Él estuvo allí para ella. Él y su silencio, su presencia y entrega era el bálsamo para el dolor que en su alma brotaba. Las lágrimas se escapaban de sus párpados cerrados y caían por los laterales de su rostro, guiadas por la gravedad hasta impregnarse en la funda blanca de la fina almohada. Estuvo así un buen rato hasta que su llanto comenzó a cesar y entonces fue abriendo los ojos con algo de lentitud y torpeza. Halló a Jyou sentado junto a ella pero con los ojos fijos en la pared contigua a él, quizá dándole el espacio que necesitaba para sentirse un poco más libre. Verlo siendo iluminado por la luz de la luna, la encandiló. Y deseó sentirlo con las yemas de sus dedos una vez más. Sentir esa cálida piel que podría arrullarla con su simple tacto y perderse en los orbes oscuros del médico, sólo para ser encontrada por él y sólo por él.
Hizo el esfuerzo para reincorporarse aunque su cuerpo aún se sintiese pesado. Él advirtió sus intenciones y en un rápido movimiento, la tomó por los brazos con dulzura y la ayudó a conseguir su equilibrio, mientras redireccionaba el comando de la cama para que la parte superior se levantara y ella pudiese descansar la espalda contra ésta. Una vez acomodada, ella podía verlo con mayor facilidad y una sonrisa fue compartida entre ambos.
Los sonidos lejanos de explosiones y el susurro de luces ingresando desde la ventana les dieron un aviso que las doce habían sonado y que el veinticinco de diciembre había llegado.

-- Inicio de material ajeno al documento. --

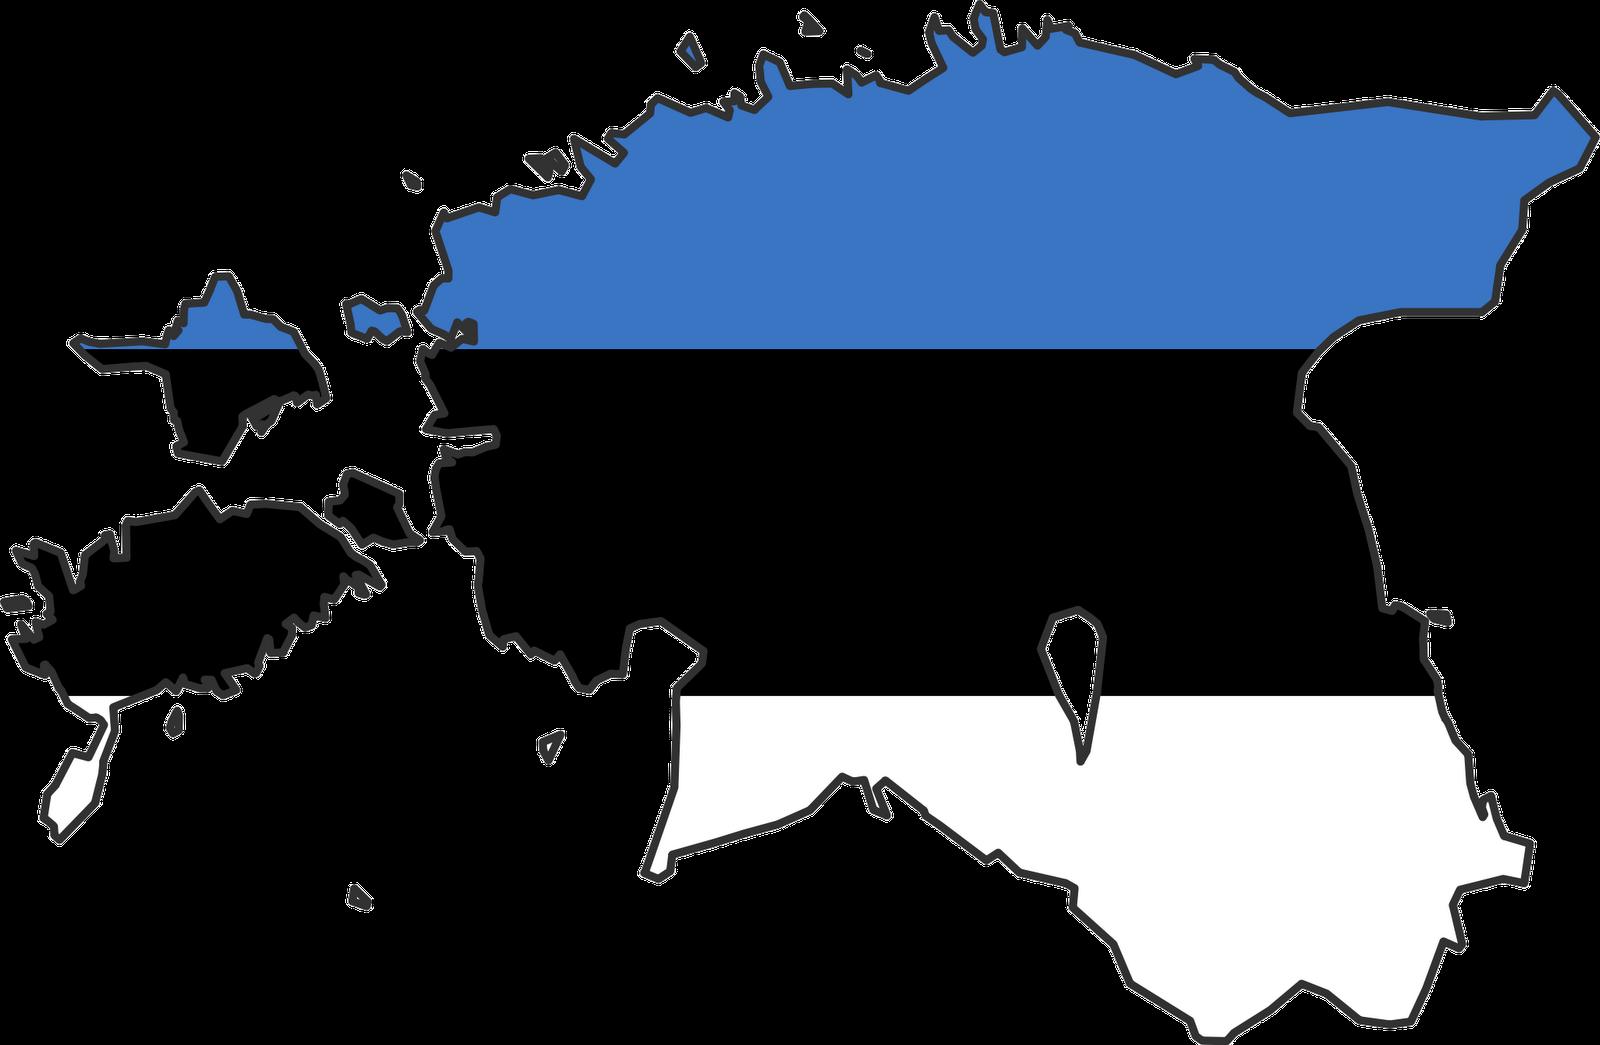 Estonia http://4.bp.blogspot.com/.

―De seguro no es la manera en la que deseabas pasar ésta fecha, pero… Feliz Navidad, Sora. ―Susurró Jyou acomodándole un mechón pelirrojo tras su oreja. Admiró el tono naranja en sus hebras, recordándole su color favorito. «Un cielo naranja. Un atardecer…» pensó casi con gracia en su interior, casi deleitándose de tener aquel pequeño mechón entre sus dedos.
―No te mentiré… No estaba en mis planes el estar hospitalizada… ―Tomó la mano de Jyou y con un pequeño estirón, le indicó que se acercara. Él, con vergüenza en sus movimientos, obedeció a su amiga hasta que pegó su frente contra la de ella. Ambos, con los ojos cerrados, dejaron que los segundos transcurriesen en silencio. ―Pero me alegra que entre todos los médicos que pudieron rescatarme, hayas sido tú. Eres el único a quien no temo.
Lo sintió sonreír y eso fue suficiente para acelerarle sus latidos. De hecho, ambos fueron conscientes de ello gracias a la máquina que contaba sus palpitaciones. Una sonrisa entre ambos, entre la penumbra y las celebraciones a flor de piel, vividos al exterior de su cuarto, ajenos al mundo; y mientras ella tenía más heridas internas que externas, él estaba dispuesto a sanarla. Y quizá fue aquel el motivo que lo llevó a acercar sus labios a los de ella y entre la celebración y las heridas, se unieron como el mar y el cielo.